Corrosion Bactérienne des Métaux

INTRODUCTION

La corrosion bactérienne rassemble tous les phénomènes de corrosion où les bactéries

agissent directement, ou par l’intermédiaire de leur métabolisme, jouant un rôle primordiale,

soit en accélérant un processus déjà établi, soit en créant les conditions favorables à son

établissement.

La corrosion des matériaux métalliques en milieu aqueux est de nature électrochimique :

Cela inclut:

➢ La corrosion en solution aqueuse mais également la corrosion atmosphérique qui est

liée à la présence d’un film d’humidité à la surface du métal,

➢ La corrosion dans les sols liée à également à la présence d’humidité dans les sols.
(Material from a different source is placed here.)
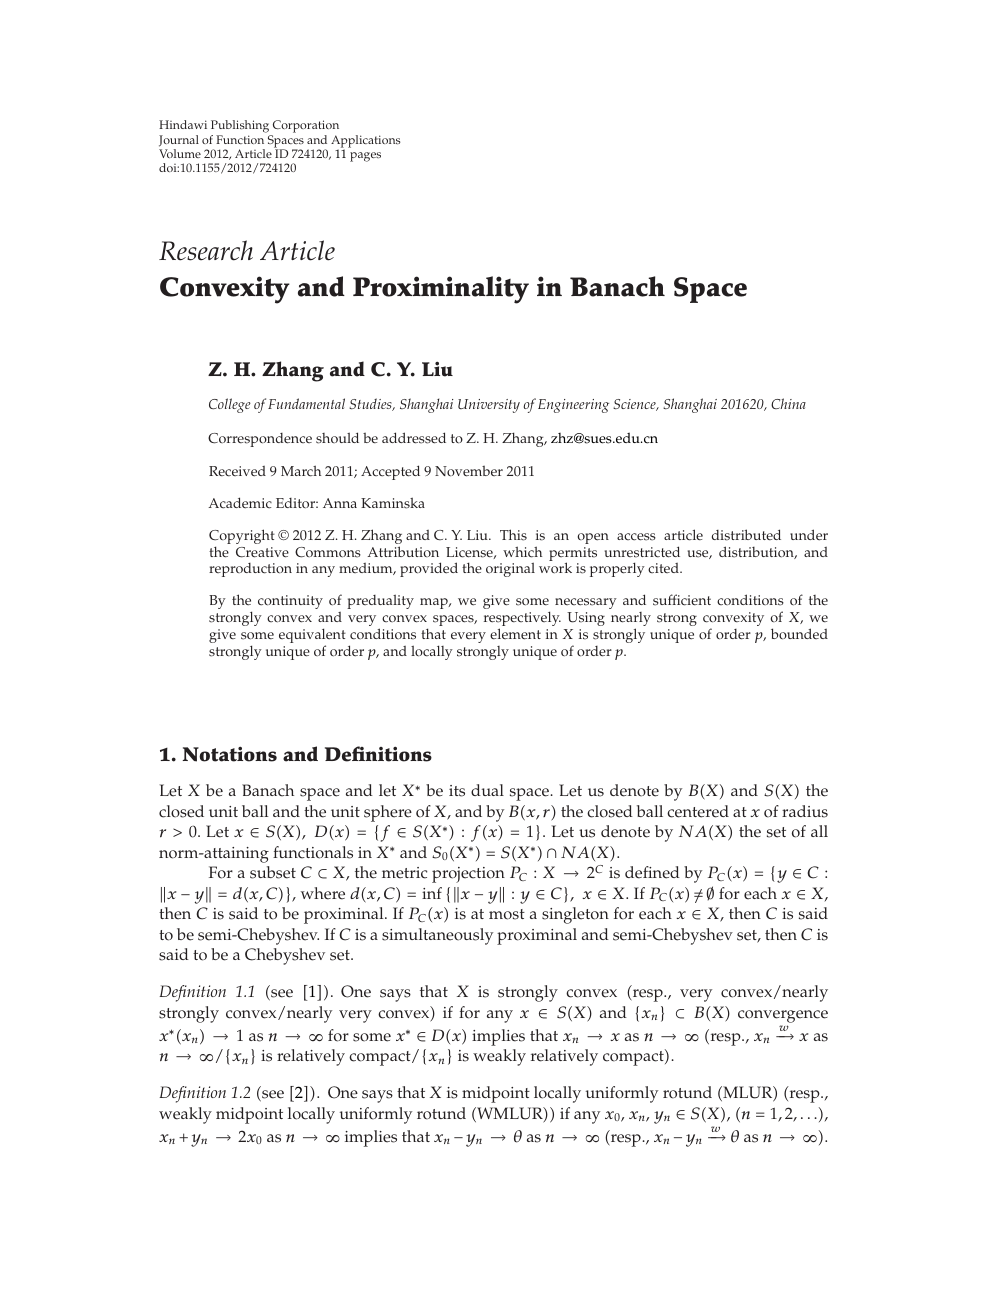 Convexity And Proximinality In Banach Space Topic Of Research Paper In Mathematics Download Scholarly Article Pdf And Read For Free On Cyberleninka Open Science Hub

➢ Les microorganismes ne viennent pas modifier ce caractère électrochimique.

Rappel:

La réaction partielle anodique est l’oxydation du métal:

M Mn+ + Ne-

Alors que la réaction partielle cathodique implique la réduction d’un composé du milieu

aqueux;

En milieu naturel, il s’agit le plus souvent, de l’oxygène dissous s’il est présent

O2 + 4H+ + 4e- 2H2O

Ou dans les solutions désaérées :

2H+ + 2e - H2

Les vitesses des réactions partielles anodique et cathodique doivent être égales afin de

préserver l’électroneutralité.

C’est la réaction partielle la plus lente qui impose donc sa cinétique. On distingue ainsi les

réactions de corrosion sous contrôle anodique et sous contrôle cathodique, l’étape limitante

pouvant être liée:

➢ Au transport de masse de l’oxydant ou des produits de la réaction.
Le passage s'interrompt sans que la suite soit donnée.